Panman” is unfunny, horribly acted (Butler chews up entire reels of film as he seems to be channeling Rush Limbaugh) with a ridiculously uninspired script and some of the cheesiest looking blood I’ve ever seen in a film of ANY genre. There were a phalanx of directors listed on the credits but I’ll only mention one, Tim Pilleri, since he also stars as Panman. Mr. Pilleri and his cohorts couldn’t direct themselves out of a three car traffic jam let alone a movie. It’s boring and exceedingly cheap looking to boot. I’ve seen better looking films shot with smaller budgets (They sucked but they looked OK).
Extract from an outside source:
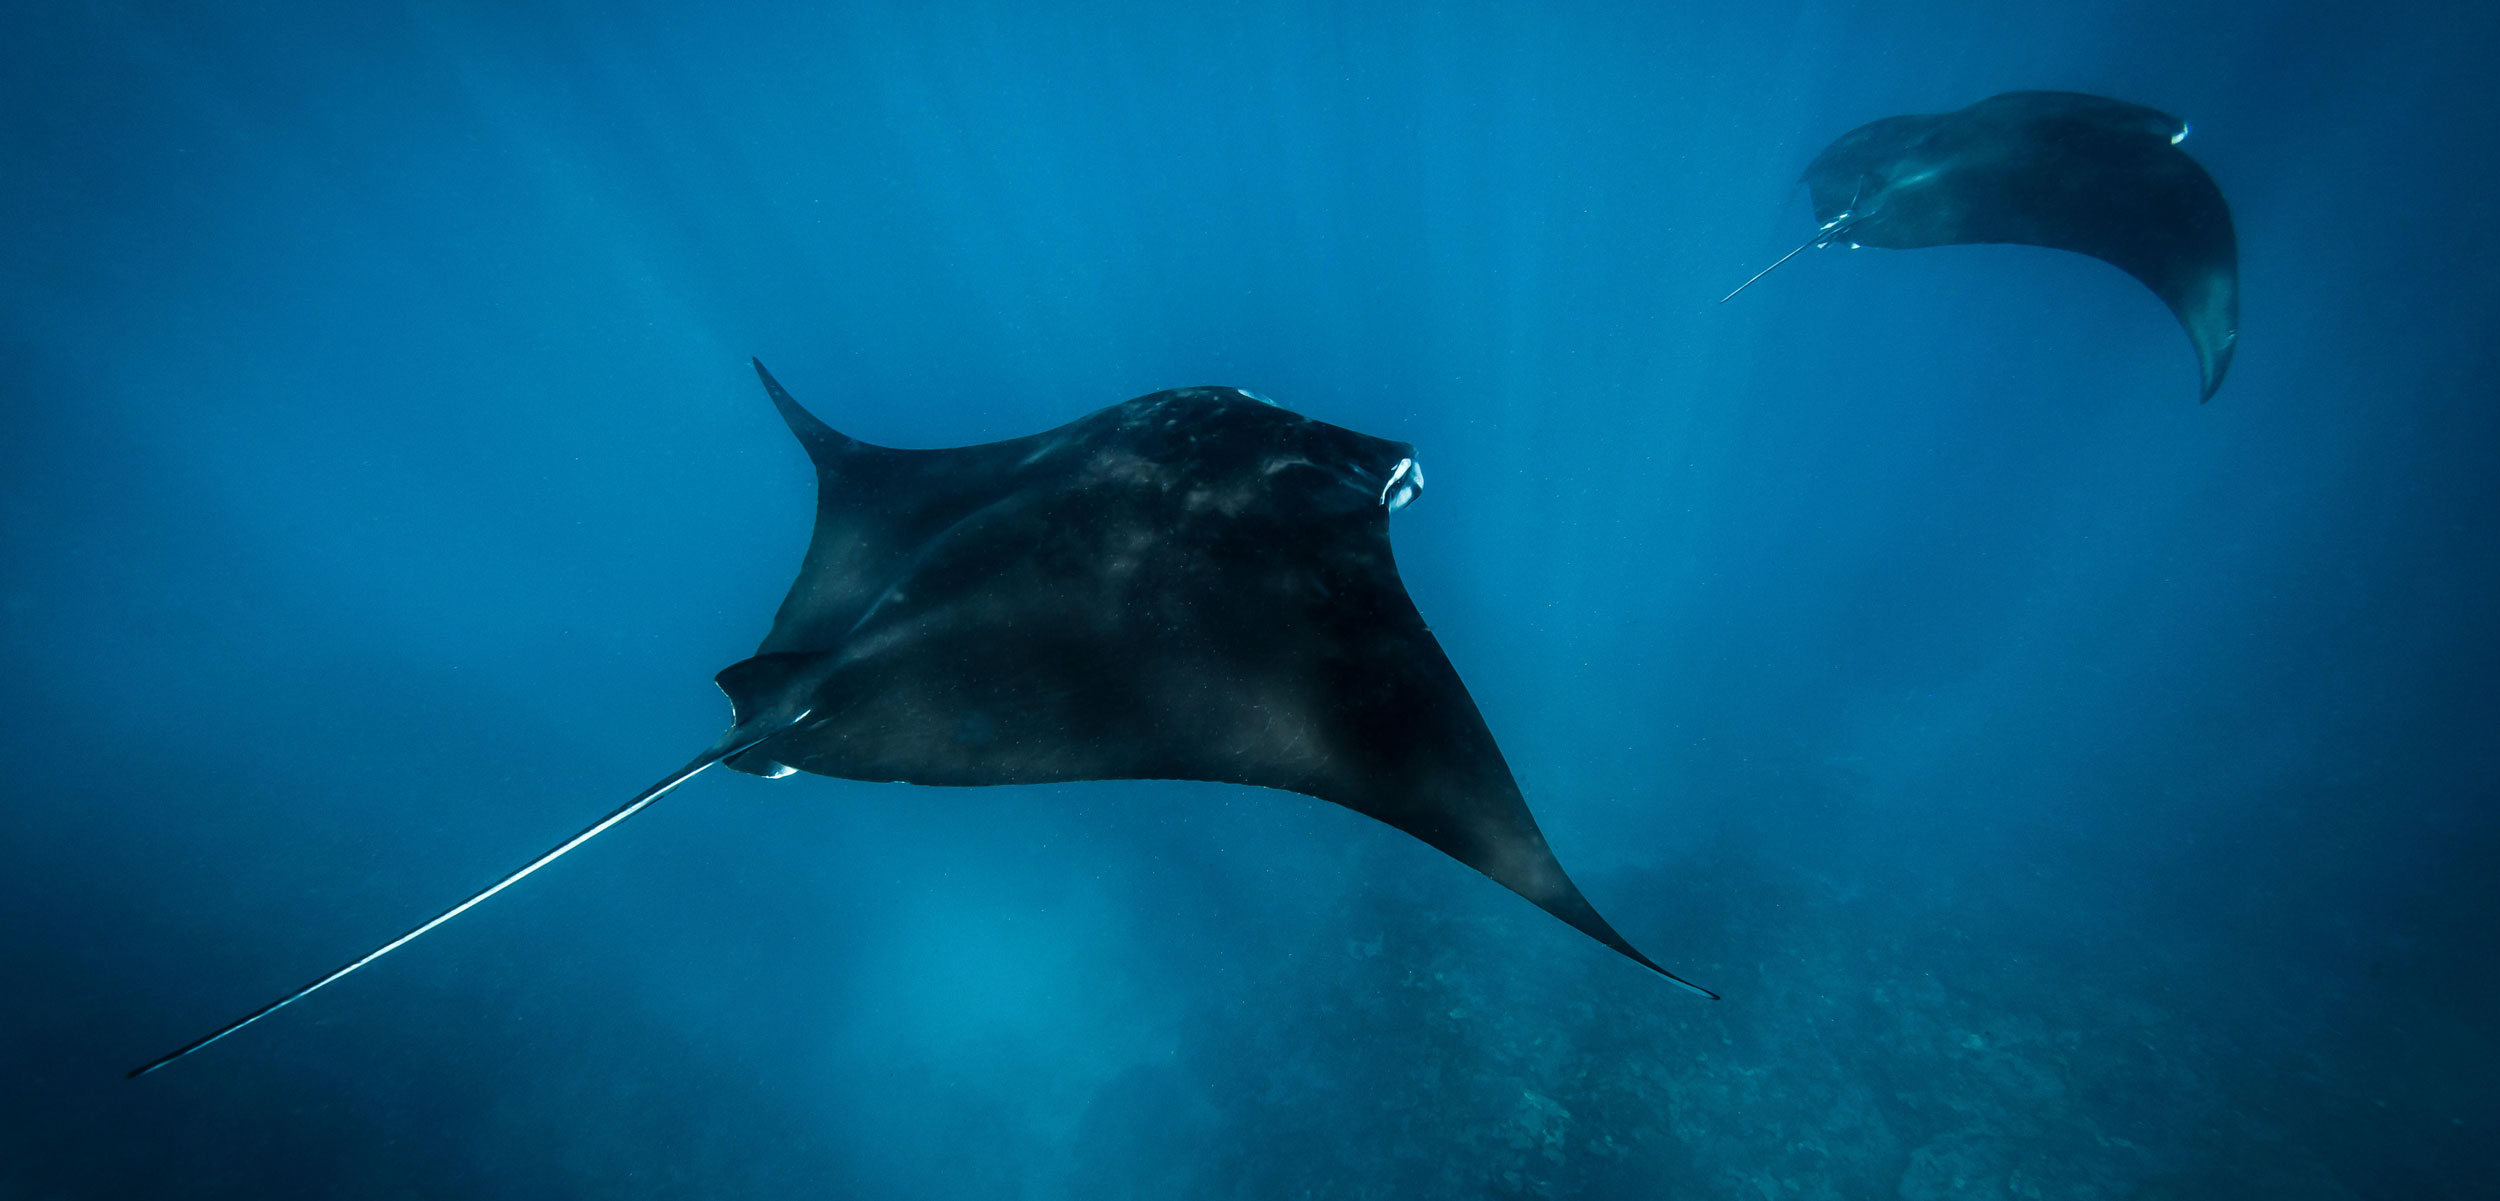 Two manta rays swim in the waters off Exmouth, Western Australia

The capper to it all comes with about 5 minutes left in the movie when who shows up? KATO KAELIN! Who the f*ck is KATO KAELIN (I just have to capitalize his name for awhile) you might be asking? Well if I answered “Best friend of a famed sports figure that killed his wife” you probably still wouldn’t know yet he is the “Special” name in the cast! His name is featured on the box in a attempt to warrant it’s existence and not for nothing…that really sucks. Kaelin is a no one, a nobody whose quick in and out of the movie is more of an insult to the few people that might actually be watching it than something to look forward to.

I don’t wanna talk about “Panman” anymore. It’s an affront to filmmakers, good bad or indifferent, all over the globe. It’s flimsy attempts at humor are just that, flimsy. It’s a terrible, terrible film and if you decide to sit and watch it you do so at your own peril. A true must to avoid and one of the worst films I have ever seen in my life. The editing’s isn’t too bad though…

“Panman” -3 out of 5 shrouds.

Panman (2012)


  1. Victor De Leon

    Oh man, dare I say…it sounds like your blood was boiling. Yikes, this movies sounds like pain on celluloid.

  2. SteelScissorsInYourSkull

    This review makes me want to see the film, it’s almost ‘I dare you to do it’. Also, the description of the opening scenes made me laugh.